The time required to access one word in called Memory Access Time. Memory which is only readable by the user and contents of which can’t be altered is called read only memory (ROM) it contains operating system.

Memory Circle Time is the minimum time between start of two operations and is generally measured in Nanoseconds.

The instruction register (IR) holds the instructions that are currently being executed. Its output is available for the control circuits which generates the timing signals that control the various processing elements in one execution of instruction. 

The program counter PC is a specialized register that keeps track of execution of a program. It contains the memory address of the next instruction to be fetched and executed. The instruction registers (IR): - Holds the instructions that are currently being executed. Its output is available for the control circuits which generates the timing signals that control the various processing elements in one execution of instruction. Besides IR and PC, there are n-general purpose registers R0 through Rn-1.

MAR (Memory Address Register) holds the address of the location to be accessed. 

MDR (Memory Data Register) contains the data to be written into or read out of the address location.


1. Cache Memory: Cache is a small, fast memory located inside or close to the CPU. It stores copies of frequently accessed data. When the CPU needs data, it first checks the cache as illustrated in Figure 3.4:


   If the data is found → it's a cache hit (very fast!)

                If not → cache miss (CPU goes to slower main memory)


The Cache memory is responsible for storing frequently used instructions and data. The CPU first looks to access frequently/ commonly used data in this component before going down the memory hierarchy. 

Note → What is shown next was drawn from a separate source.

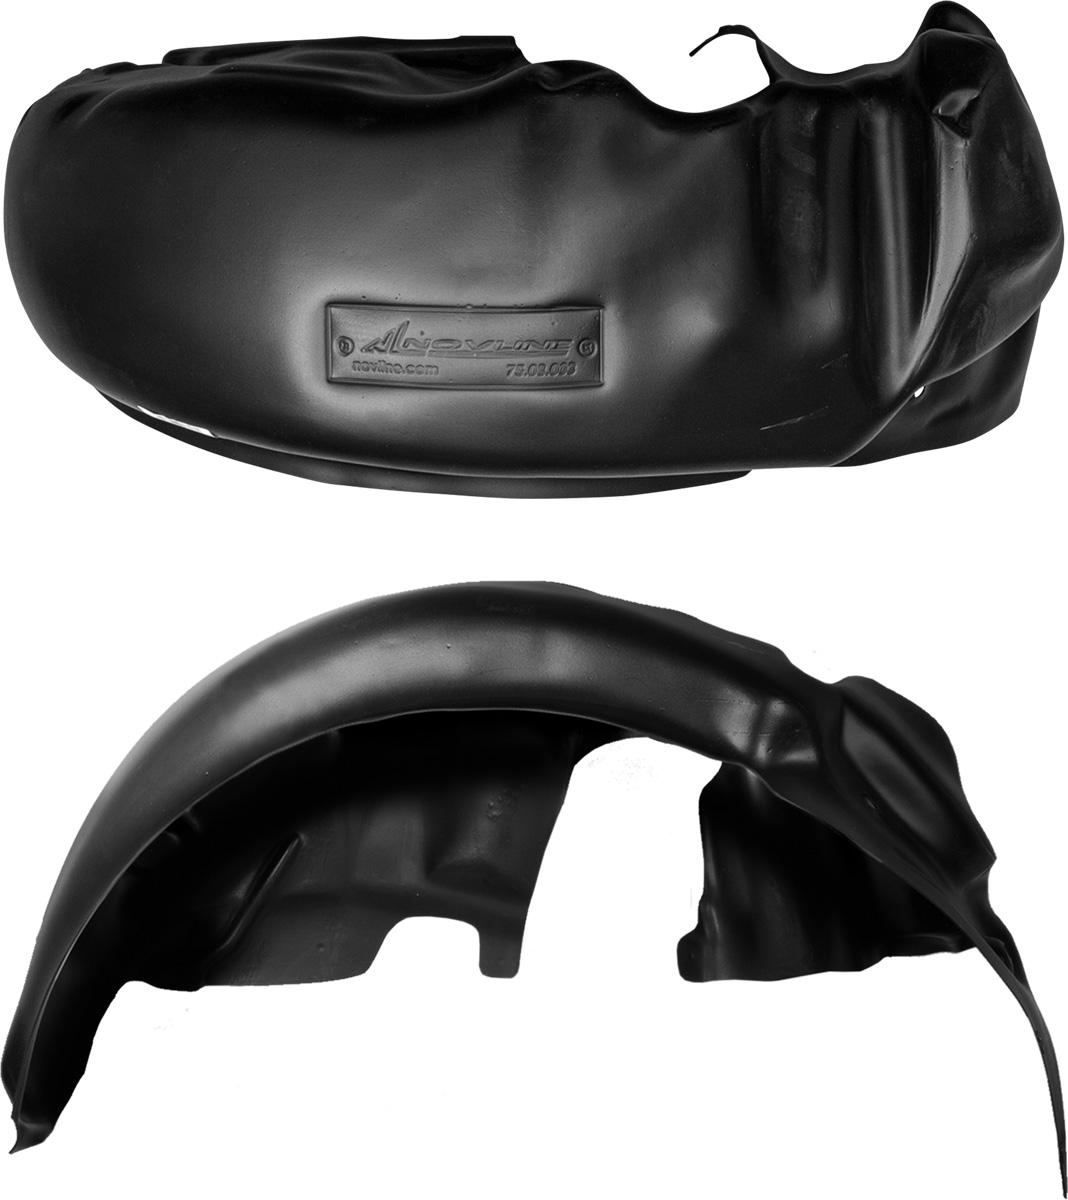 Подкрылок RENAULT Logan, 2013, рестайлинг, задний правыйCA-3505Колесные ниши – одни из самых уязвимых зон днища вашего автомобиля. Они постоянно подвергаются воздействию со стороны дороги. Лучшая, почти абсолютная защита для них - специально отформованные пластиковые кожухи, которые называются подкрылками, или локерами. Производятся они как для отечественных моделей автомобилей, так и для иномарок. Подкрылки выполнены из высококачественного, экологически чистого пластика. Обеспечивают надежную защиту кузова автомобиля от пескоструйного эффекта и негативного влияния, агрессивных антигололедных реагентов. Пластик обладает более низкой теплопроводностью, чем металл, поэтому в зимний период эксплуатации использование пластиковых подкрылков позволяет лучше защитить колесные ниши от налипания снега и образования наледи. Оригинальность конструкции подчеркивает элегантность автомобиля, бережно защищает нанесенное на днище кузова антикоррозийное покрытие и позволяет осуществить крепление подкрылков внутри колесной арки практически без дополнительного крепежа и сверления, не нарушая при этом лакокрасочного покрытия, что предотвращает возникновение новых очагов коррозии. Технология крепления подкрылков на иномарки принципиально отличается от крепления на российские автомобили и разрабатывается индивидуально для каждой модели автомобиля. Подкрылки долговечны, обладают высокой прочностью и сохраняют заданную форму, а также все свои физико-механические характеристики в самых тяжелых климатических условиях ( от -50° С до + 50° С).

Temporal locality: recently accessed data is likely to be used again soon.

Spatial locality: data near recently accessed data is likely to be used. Cache takes advantage of this, reducing how often the CPU must wait for slow memory. Most common Cache memory include: L1, L2 and L3 (Sometimes up to L4 in some processors):

L1 is the fastest to access (usually very small) and is usually embedded in the microprocessor.

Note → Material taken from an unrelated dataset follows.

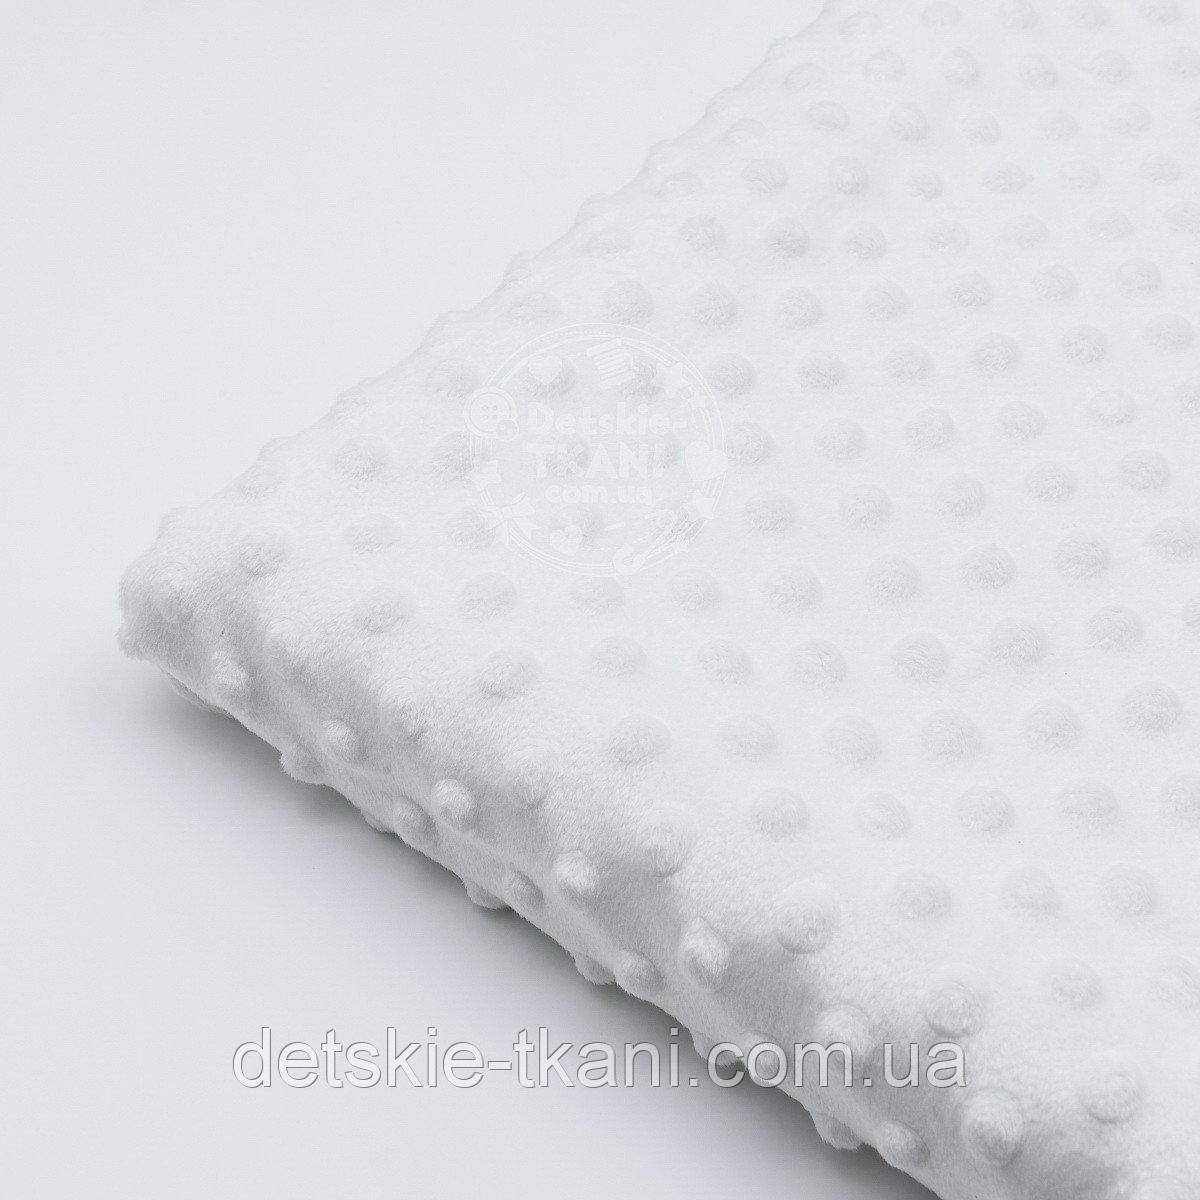 Лоскут плюша minky М-10  цвет белый, размер 100*75 см

L2 is larger but slower to access and is usually located on a separate chip independent from the microprocessor.

L3 is largest but slowest to access and is usually located on a separate chip independent from the microprocessor similar to L2.

2. Main memory (DRAM) is a component of memory that stores the data in memory cells. It is a temporary storage- it stores the data needed by programs that are running, but when you exit the programs, the memory responsible for running those programs in the DRAM gets cleared. This is demonstrated using the diagram in Figure 3.5.

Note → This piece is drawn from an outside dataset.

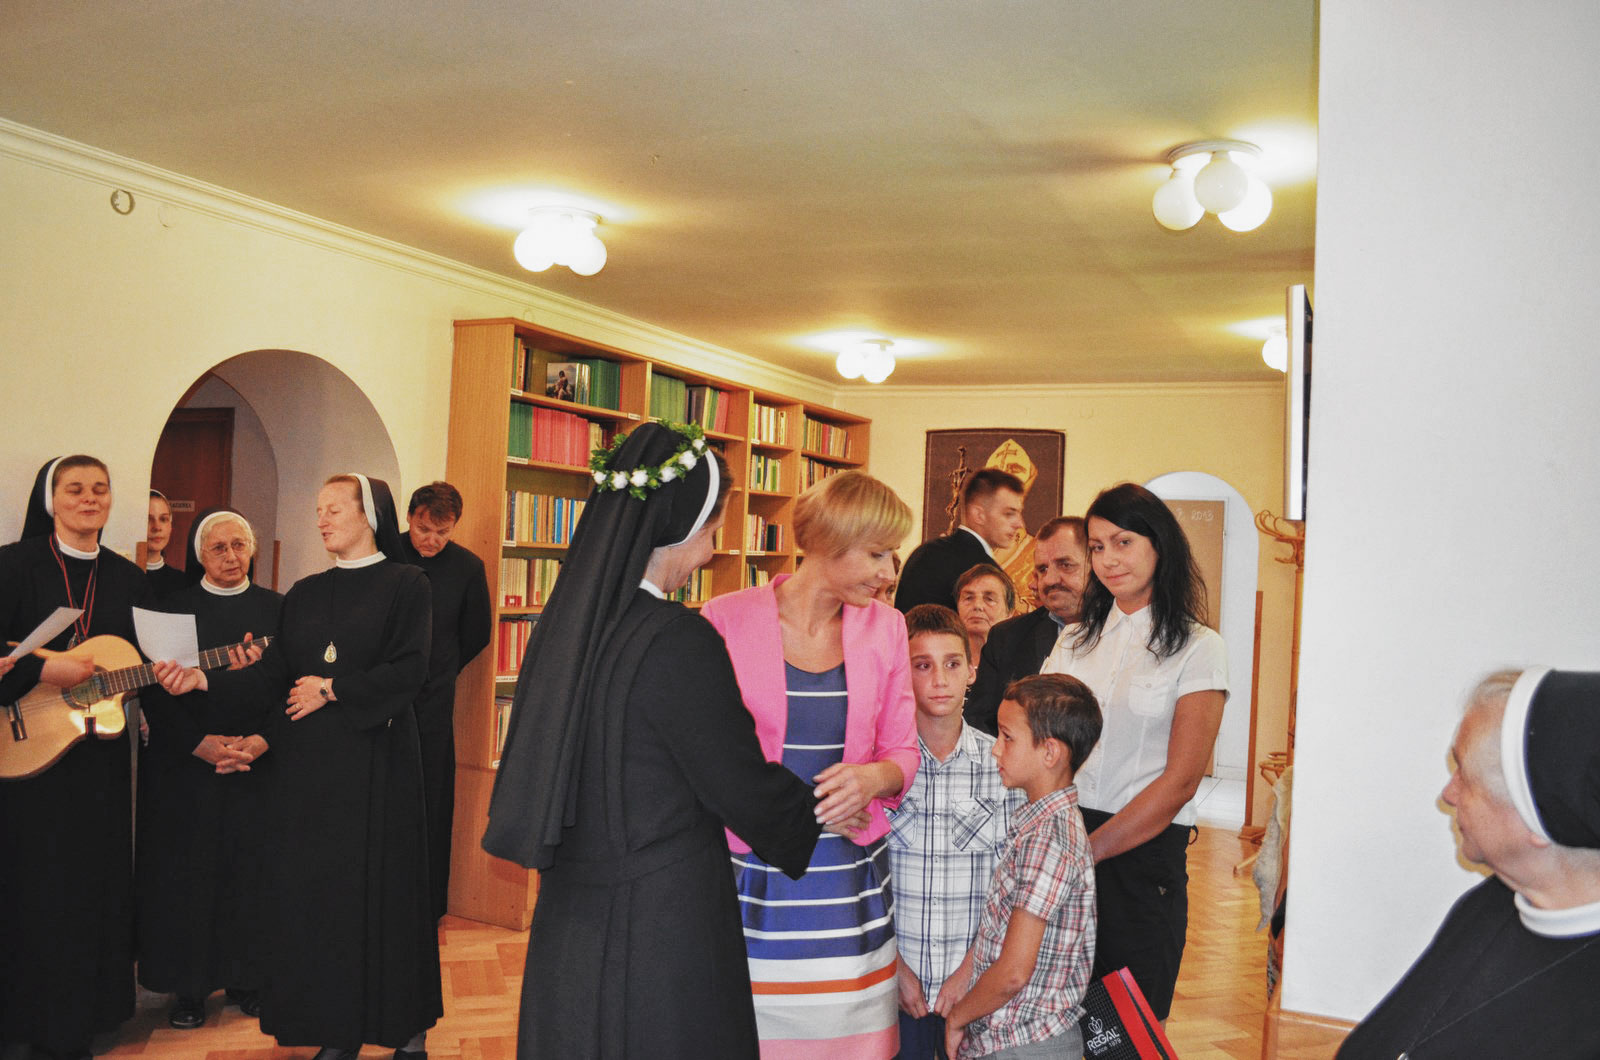 Sióstr_św_Elżbiety-Pierwsze_Śluby_fotorelacja-I-SLUBY-DSC_0625-min.jpg

3. Secondary Memory (such as Hard drive and Magnetic tape) is a memory component that permanently stores data in the memory. Memory from hard disk is not directly accessed by the CPU, hence, it is slower compare to DRAM but cheaper. In addition, it is often used for backing up large data. Usually, data are stored on the disks or tapes connected by networks such as cloud.

 3.3 Virtual Memory: gives the illusion that we have more RAM than we really do. It uses disk space (e.g., SSD) to temporarily store parts of programs or data not actively in use. The OS divides memory into pages. When data not in RAM is needed, it’s swapped in from disk. This process is managed through page tables and Memory Management Unit (MMU). MMU allows large applications to run smoothly even with limited RAM and also keeps the CPU working with what’s important, not everything at once.